To build Samarcand Tamerlane needed booty, and there was far more booty in the east than the west. Why was this? In large part it was due to the Silk Road (not called so then) that stretched six thousand miles from Chang’an in China to Constantinople. It was a trade route like no other, with caravanserai every twenty miles, which was the distance a camel could walk in a day. It was also a sort of internet along which new ideas and new inventions could travel. Great cities like Palmyra and Tabriz sprang up along it, made rich by the taxation of trade. In 1400, the annual revenues of the city of Tabriz exceeded those of the King of France.
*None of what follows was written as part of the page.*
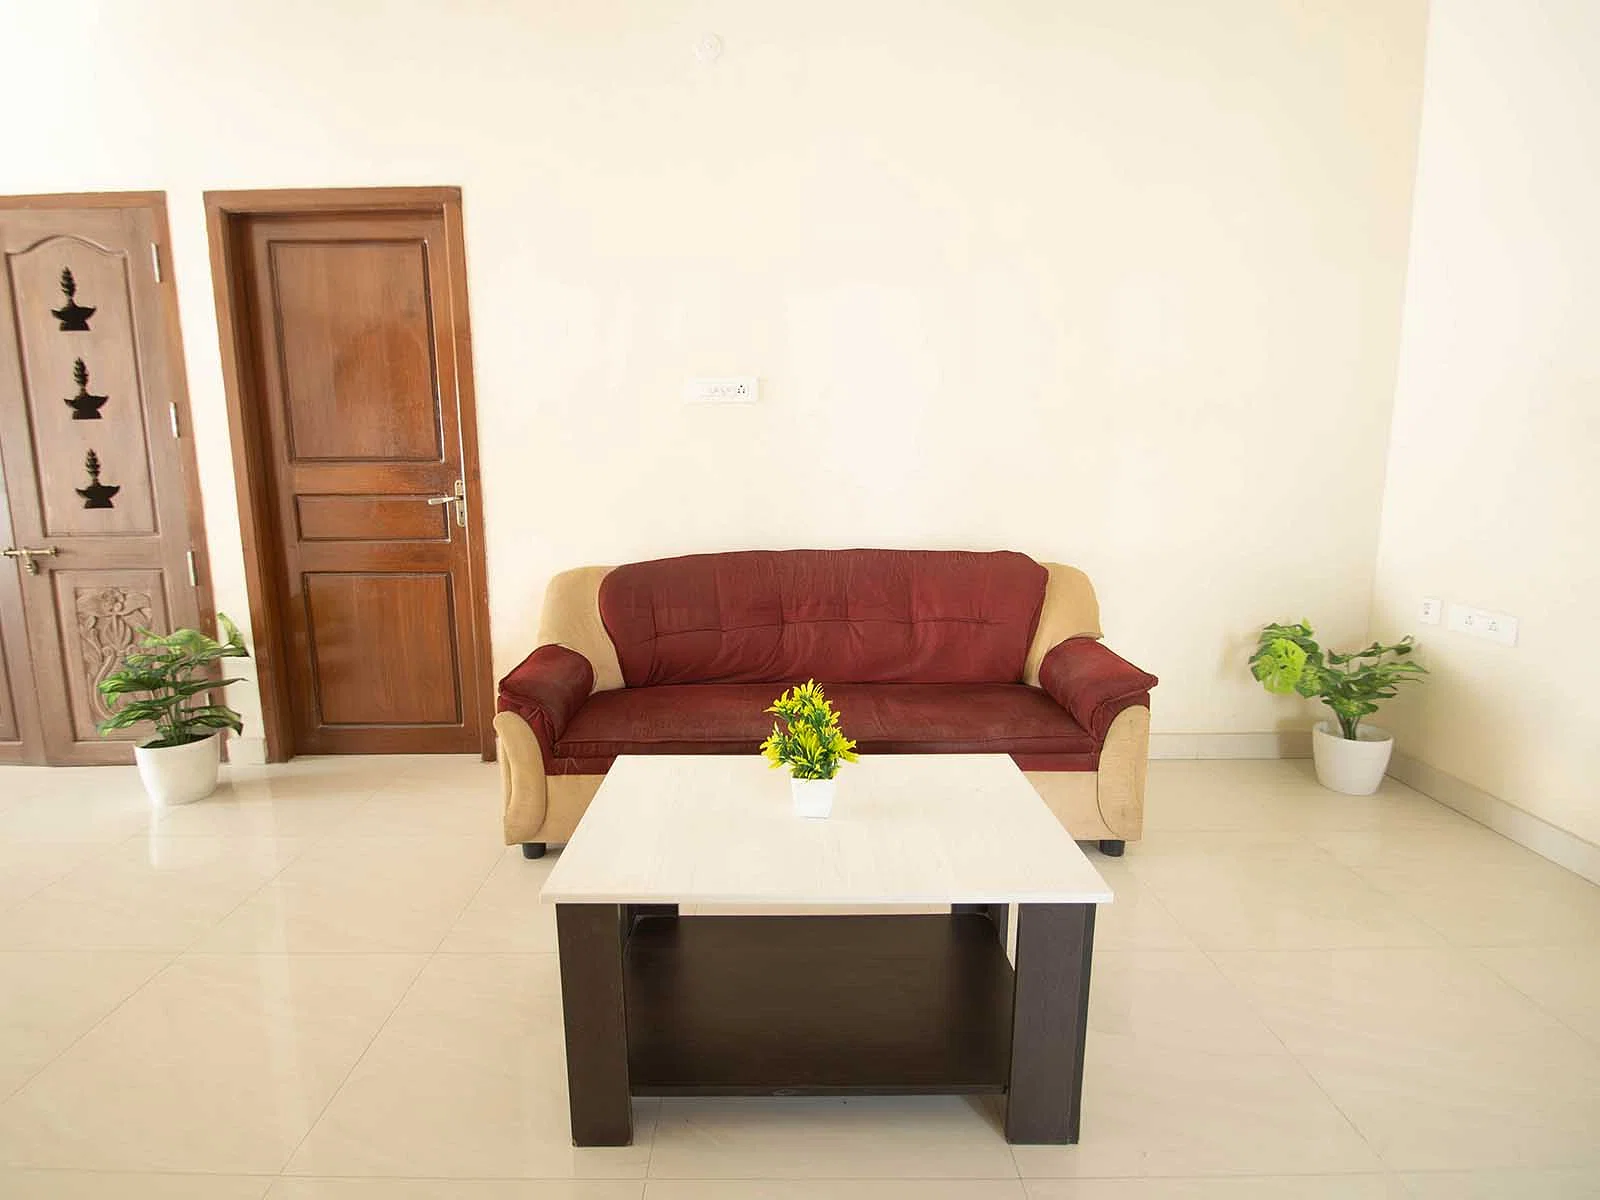 fully furnished Zolo single rooms for rent near me-check out now-Zolo Belford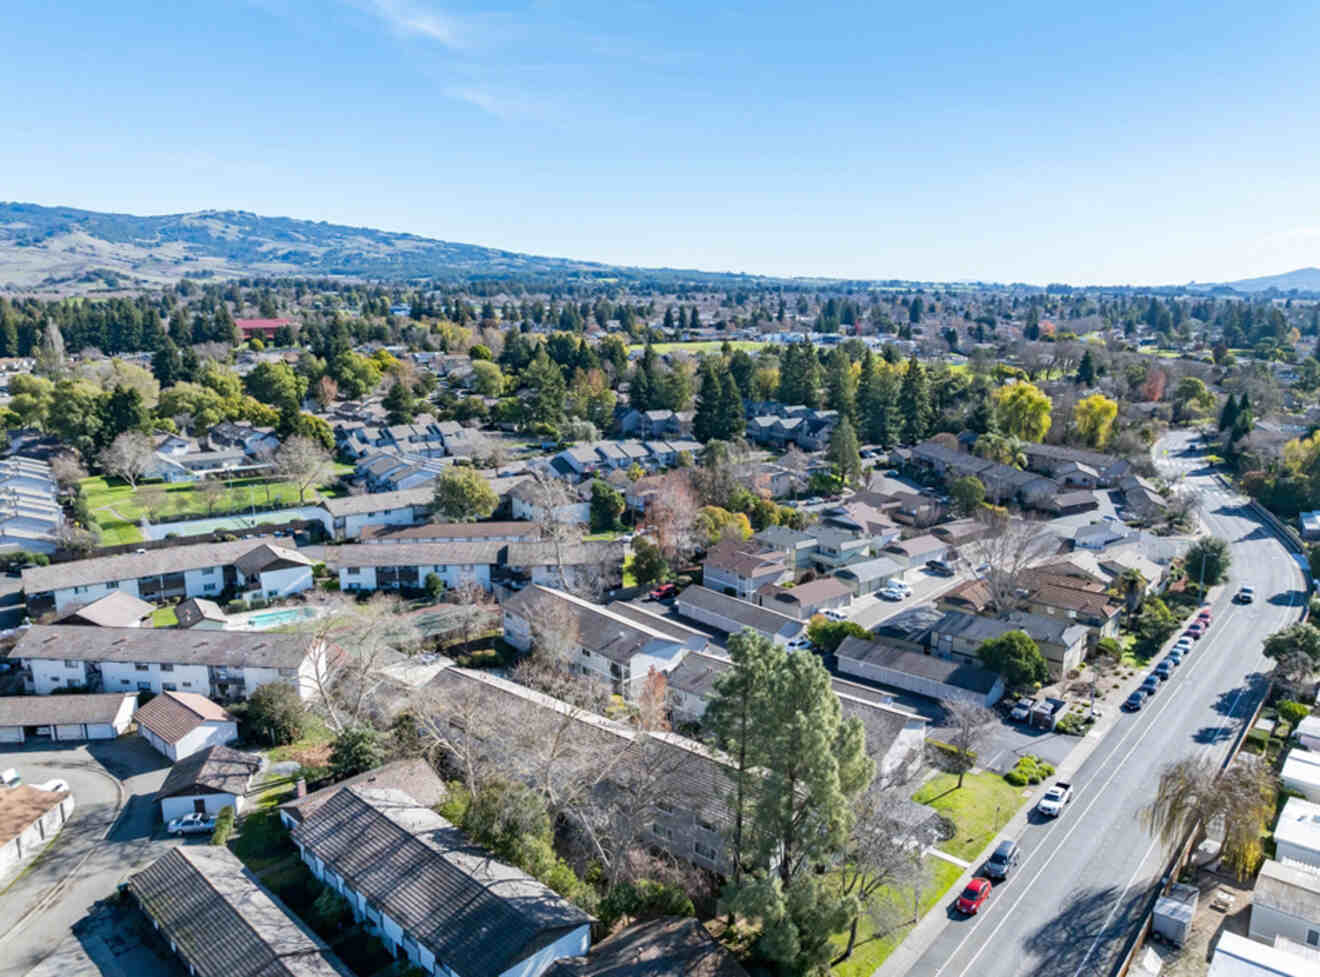 An aerial view of residential houses in Rohnert Park, with a backdrop of hills and a mix of trees.

Manuel’s second plan was to bring another crusade from the west. But there was a problem. Since 1054, the Western Catholic and Eastern Orthodox Churches had been in schism and the Pope would not give his blessing to any more crusades until the schism had been ended. Worse still, the Western Catholic Church was itself in schism and two Popes, one in Rome and the other in Avignon, were at each other’s throats.
In
The Mistra Chronicles
, I use some artistic licence to describe the way that Plethon (who was in fact instrumental in ending the East–West schism) makes an ally of the powerful Florentine banking family of Medici to further this end. In this book, he meets Giovanni de’ Medici, the founder of the bank. In future
books, his son Cosimo will become crucial in unifying the Churches. In fact, Manuel spent the years 1398–1400 touring the courts of Europe trying to gain support, and money, for the Byzantine cause. He was even entertained by the English King Henry VI at Eltham Palace, but no funds were made available.
So this is the historical context and the narrative of
The Mistra Chronicles
: a once-great empire on its knees with two plans for its survival, one facing east, the other west. How it happened is part-fact, part-fiction.
This second book in the series,
The Towers of Samarcand
, includes some interesting historical characters that are worthy of further description. In the Byzantine camp, the Emperor Manuel, his wife Helena Dragaš and his brother Theodore, Despot of Mistra, were all brilliant, cultured people determined to do what they could to save their empire. Plethon was very much as described, an eccentric thinker of genius who didn’t have much time for organised religion.